--- Data block Enclosed Below ---

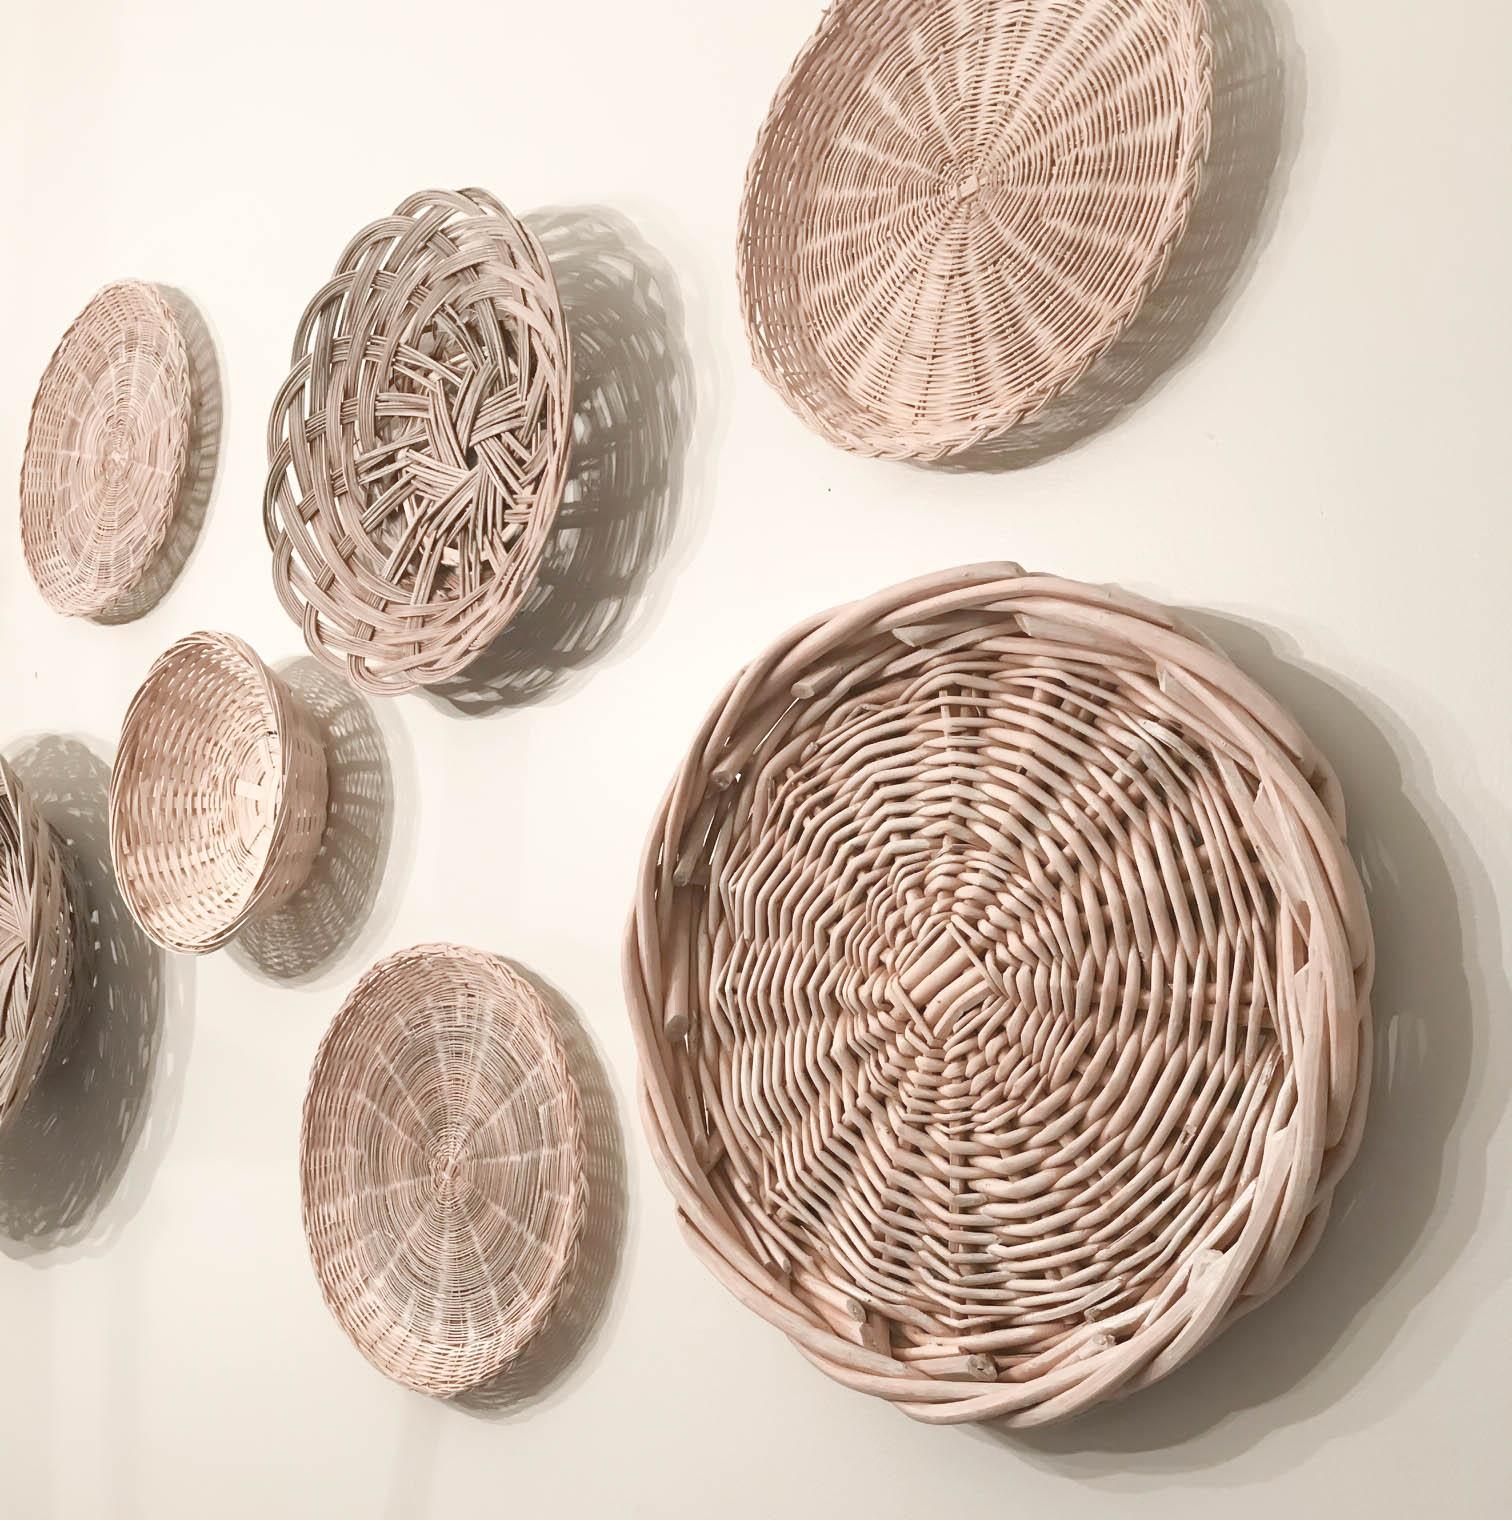 Basket Wall
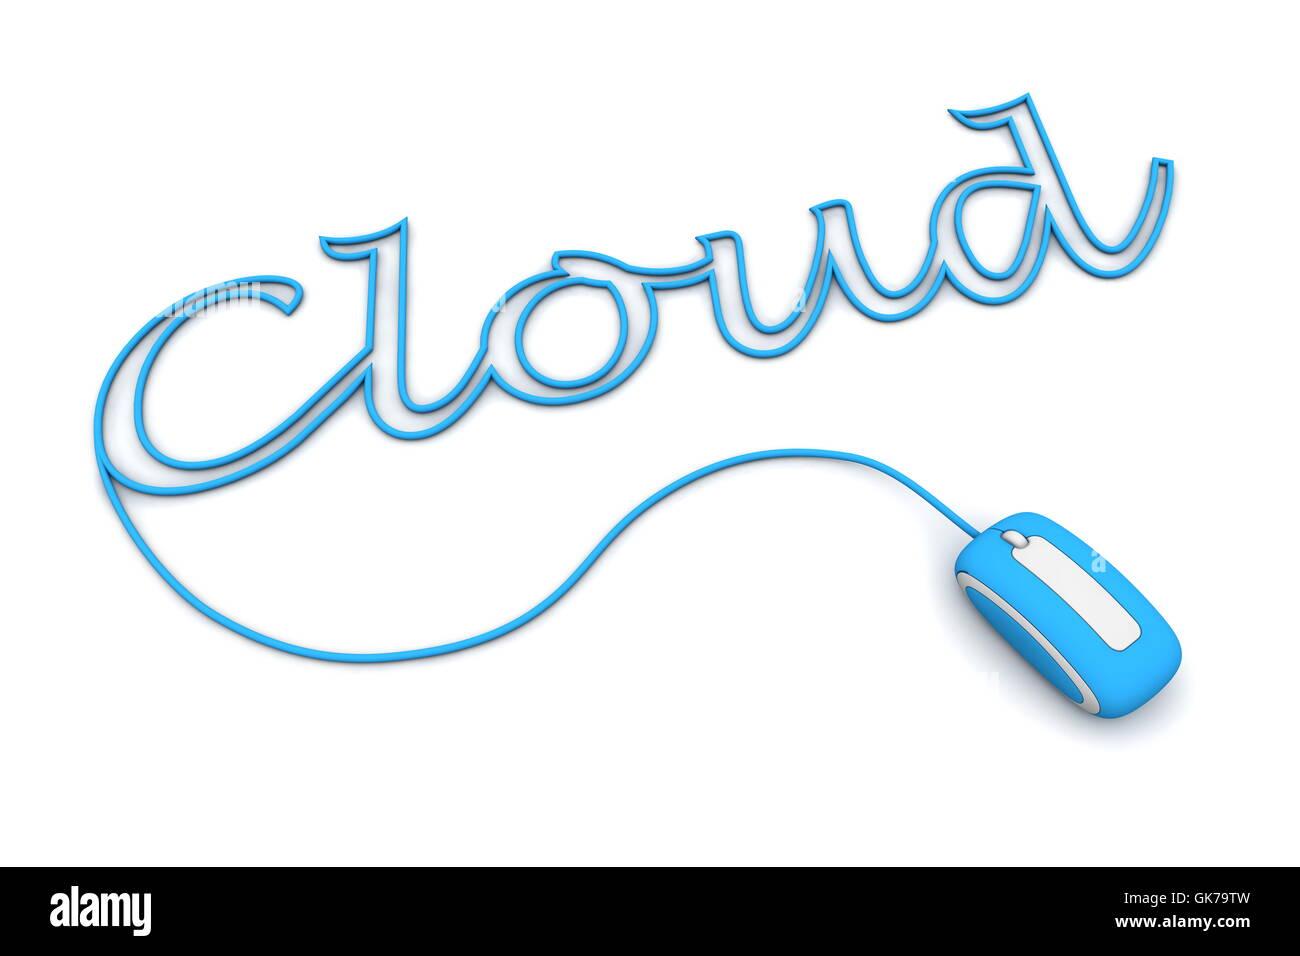 blue cloud word Stock Photo
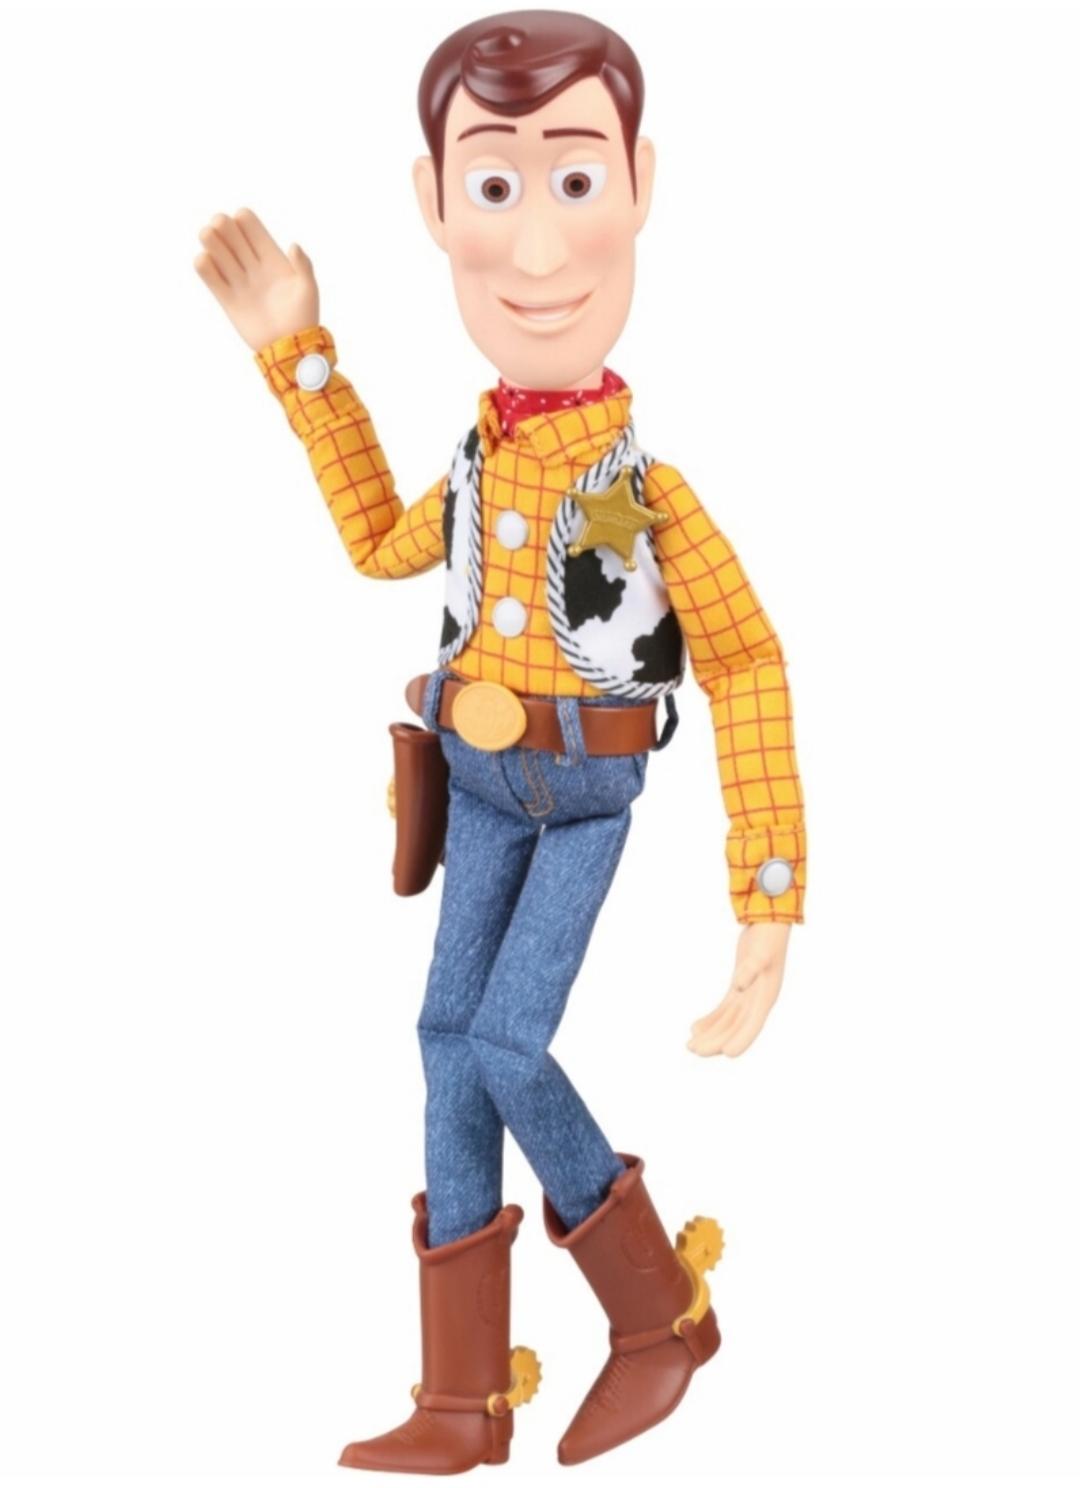 Toy Story 4 Sheriff Woody Doll Plush Soft Stuffed Toy
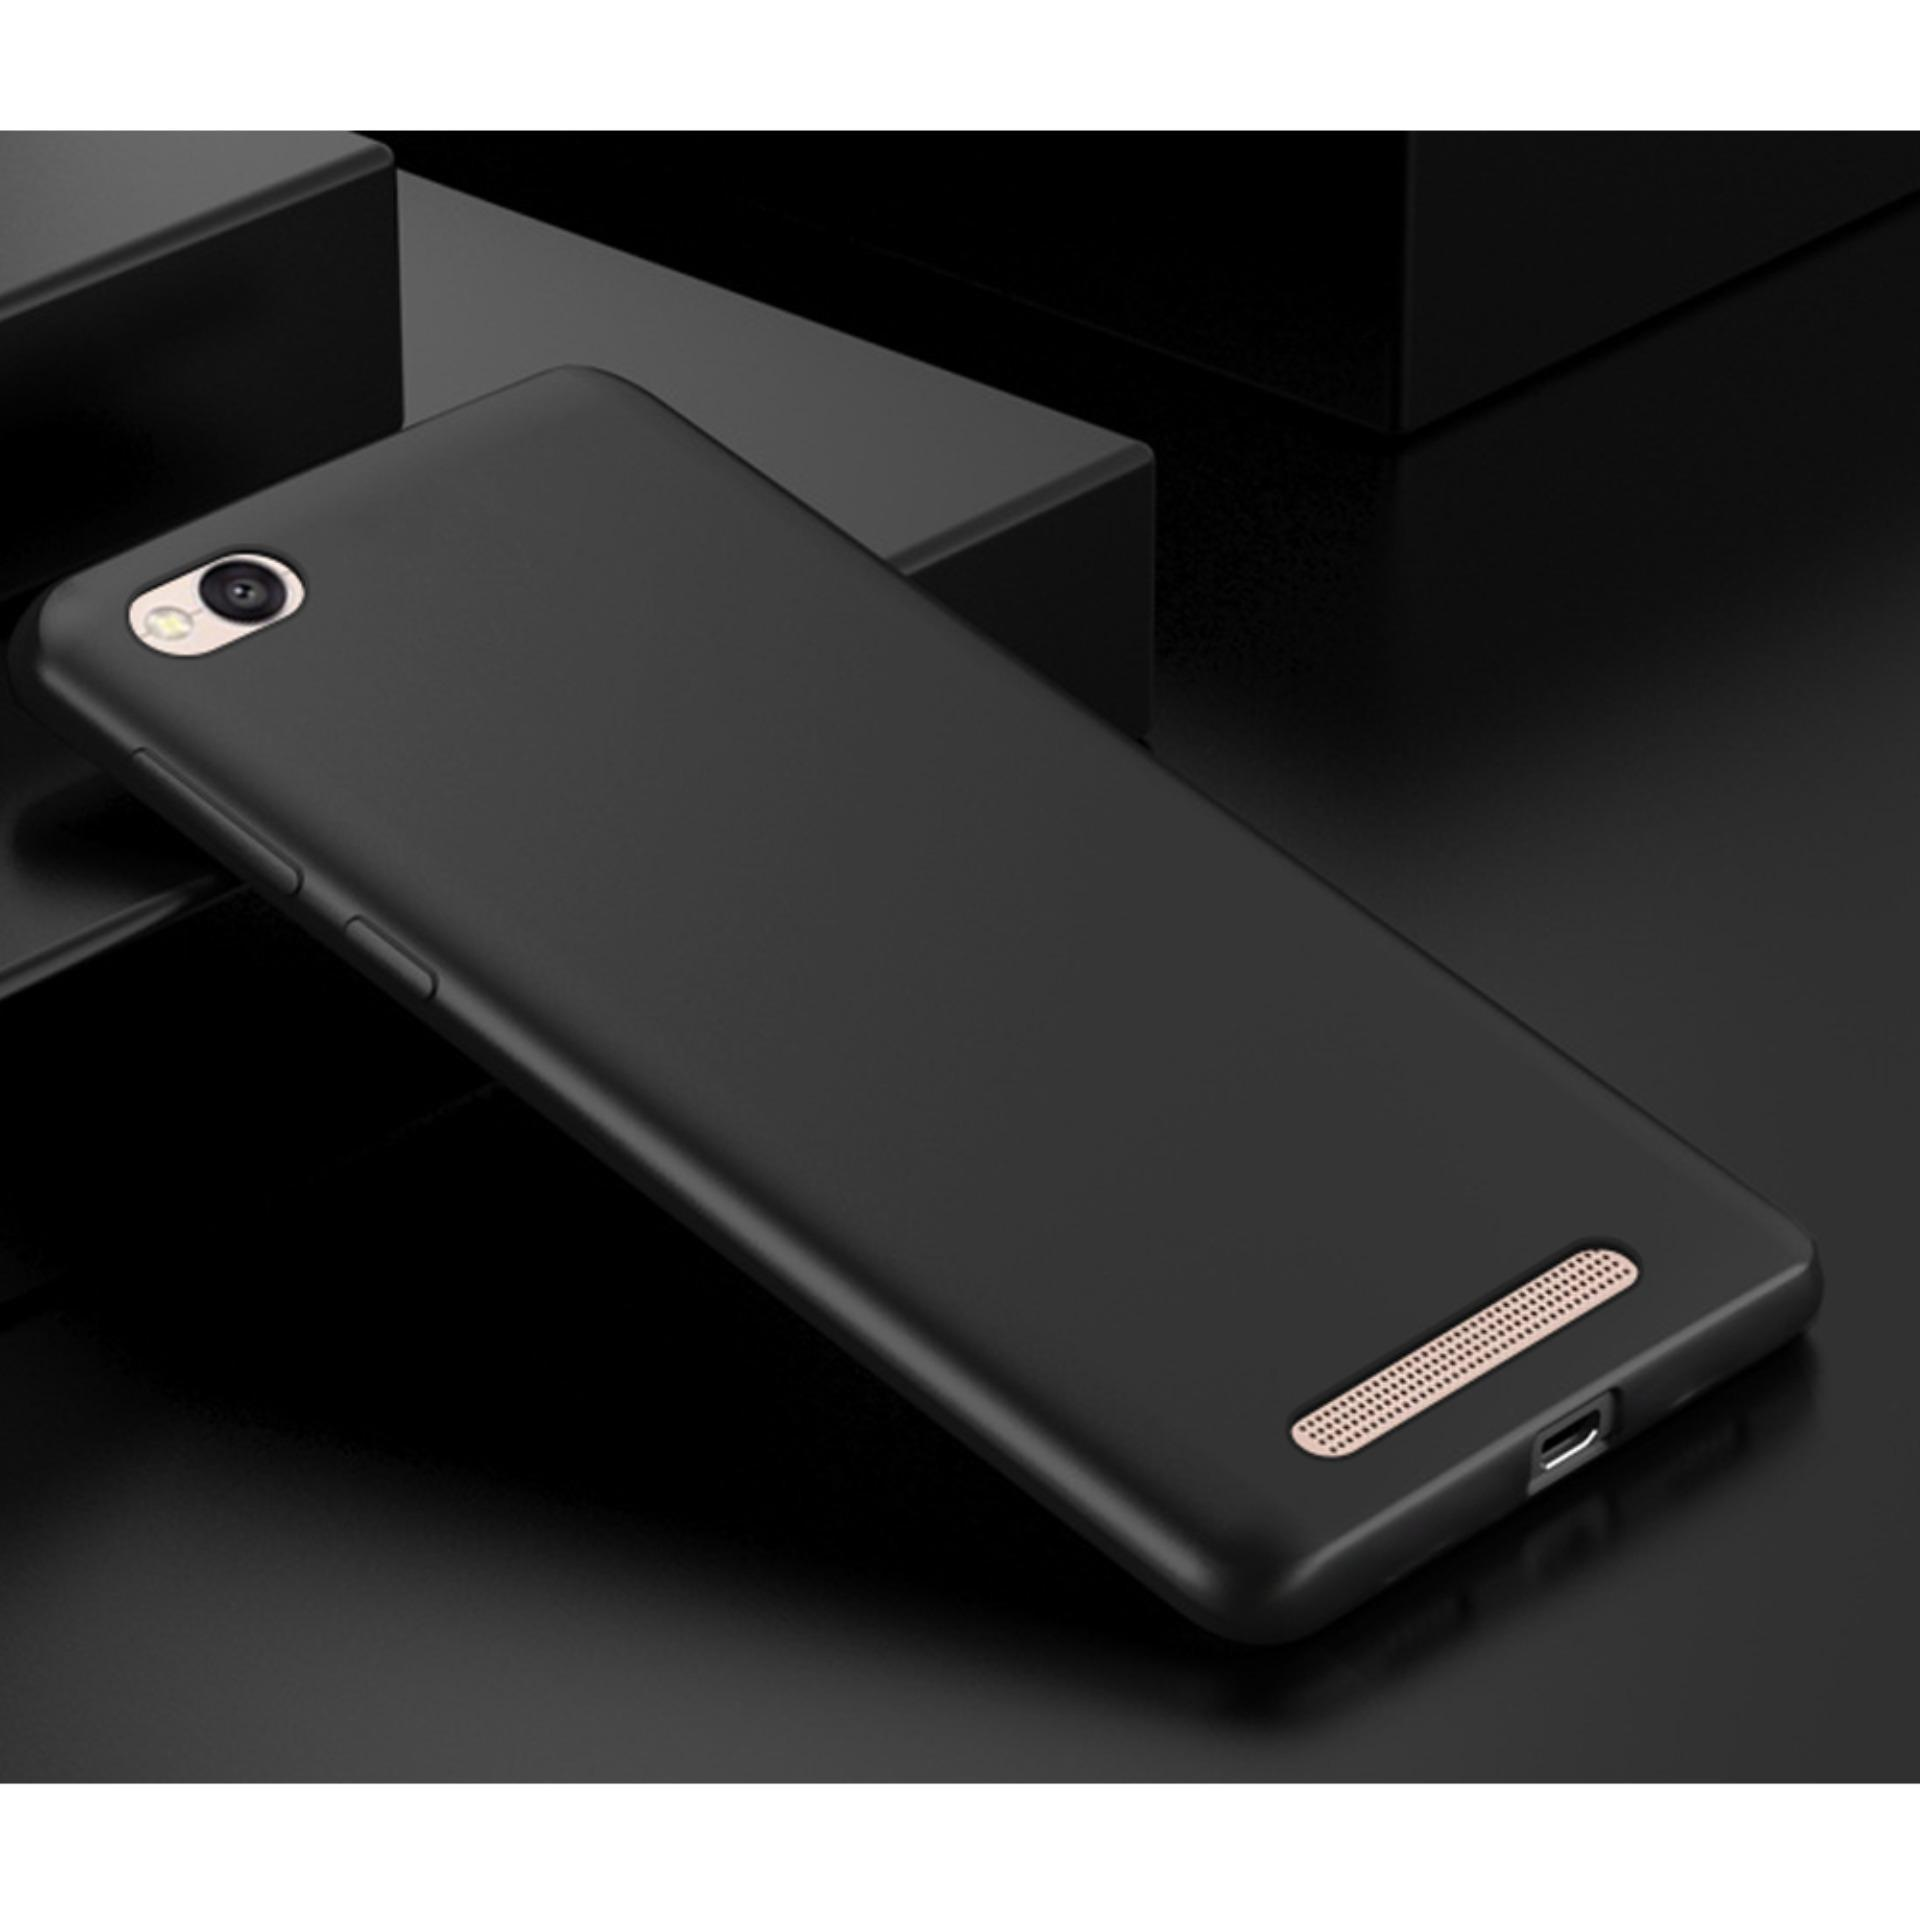 Case Slim Black Matte Xiaomi Redmi 5A Baby Skin Softcase Ultra Thin Jelly Silikon Babyskin - 2

--- End of Enclosed Data block ---

--- What the task requires ---
Beginning with the line that holds "blue cloud word Stock Photo", write out exactly the lines down to the end of the material above, and no others. Pictures are not part of the copy.

--- Worked solution ---
 blue cloud word Stock Photo
 Toy Story 4 Sheriff Woody Doll Plush Soft Stuffed Toy
 Case Slim Black Matte Xiaomi Redmi 5A Baby Skin Softcase Ultra Thin Jelly Silikon Babyskin - 2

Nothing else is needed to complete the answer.